Here are some results run on Titan Xp with high resolution images (1024x2048):
~0.037(s) per images, which means we can get ~27 fps (nearly same as described in paper).

Evaluate on cityscapes/ade20k dataset

To get the results, you need to follow the steps metioned above to download dataset first.
Then you need to change the data_dir path in config.py.

CITYSCAPES_DATA_DIR = '/data/cityscapes_dataset/cityscape/'
ADE20K_DATA_DIR = './data/ADEChallengeData2016/'

Cityscapes

Perform in single-scaled model on the cityscapes validation dataset. (We have sucessfully re-produced the performance same to caffe framework).

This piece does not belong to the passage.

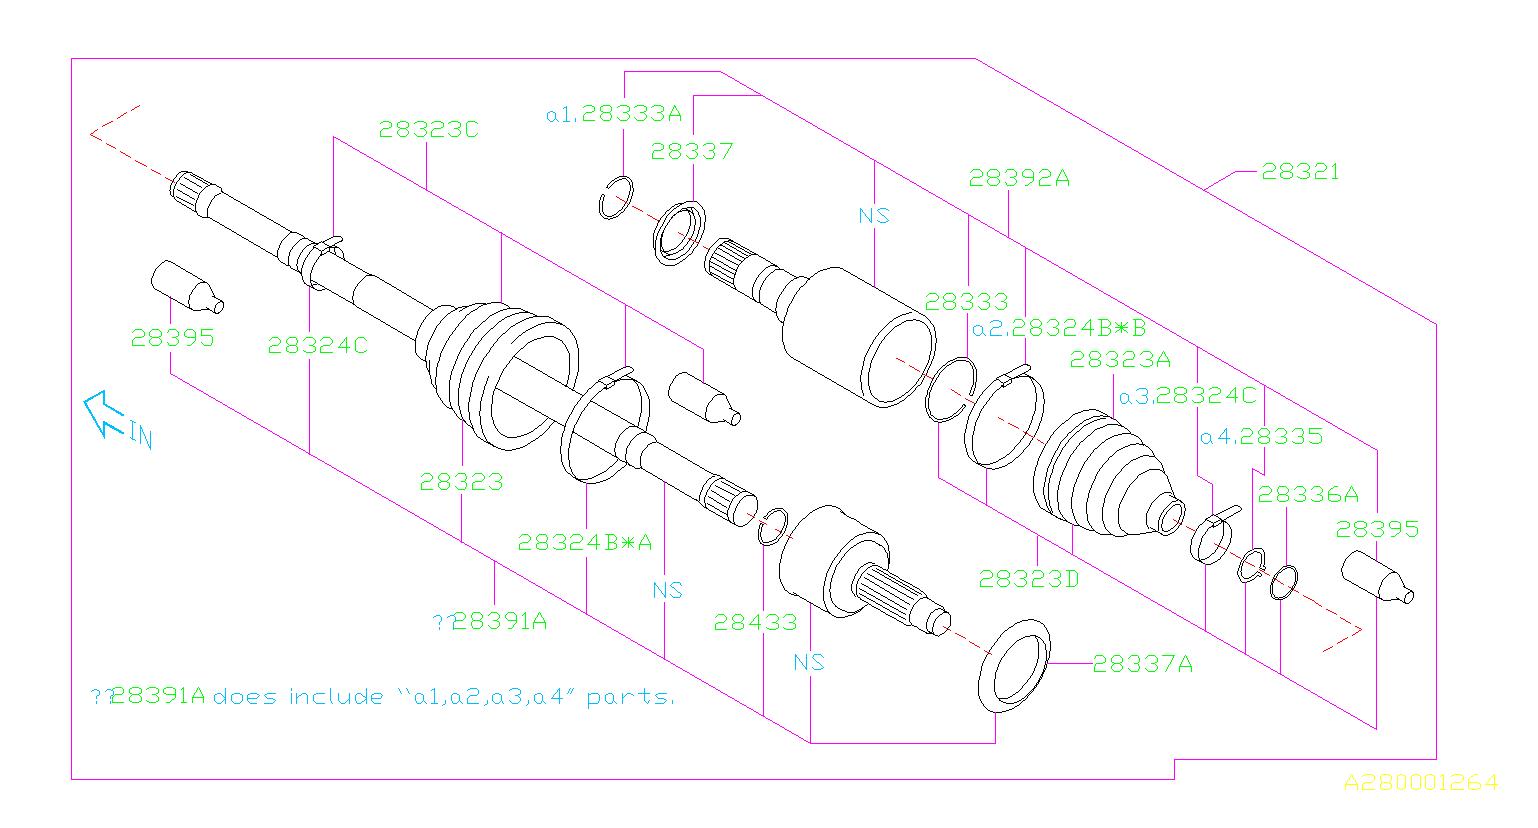 2005 Subaru Impreza Wrx >> 28321FJ020 - Drive shaft assembly-front. Axle, suspension ...

Model Accuracy Model Accuracy
train_30k   67.26%/67.7% train_30k_bn 67.31%/67.7%
trainval_90k 80.90% trainval_90k_bn 0.8081%

Run following command to get evaluation results,

python evaluate.py --dataset=cityscapes --filter-scale=1 --model=trainval

List of Args:

--model=train       - To select train_30k model
--model=trainval    - To select trainval_90k model
--model=train_bn    - To select train_30k_bn model
--model=trainval_bn - To select trainval_90k_bn model

ADE20k

Reach 32.25%mIoU on ADE20k validation set.

python evaluate.py --dataset=ade20k --filter-scale=2 --model=others

Note: to use model provided by us, set filter-scale to 2.

Training on your own dataset

This implementation is different from the details descibed in ICNet paper, since I did not re-produce model compression part. Instead, we train on the half kernels directly.

In orignal paper, the authod trained the model in full kernels and then performed model-pruning techique to kill half kernels. Here we use --filter-scale to denote whether pruning or not.

For example, --filter-scale=1 <-> [h, w, 32] and --filter-scale=2 <-> [h, w, 64].

Step by Step

1. Change the configurations in utils/config.py.

cityscapes_param = {'name': 'cityscapes',
                    'num_classes': 19,
                    'ignore_label': 255,
                    'eval_size': [1025, 2049],
                    'eval_steps': 500,
                    'eval_list': CITYSCAPES_eval_list,
                    'train_list': CITYSCAPES_train_list,
                    'data_dir': CITYSCAPES_DATA_DIR}

2. Set Hyperparameters in train.py,

class TrainConfig(Config):
    def __init__(self, dataset, is_training,  filter_scale=1, random_scale=None, random_mirror=None):
        Config.__init__(self, dataset, is_training, filter_scale, random_scale, random_mirror)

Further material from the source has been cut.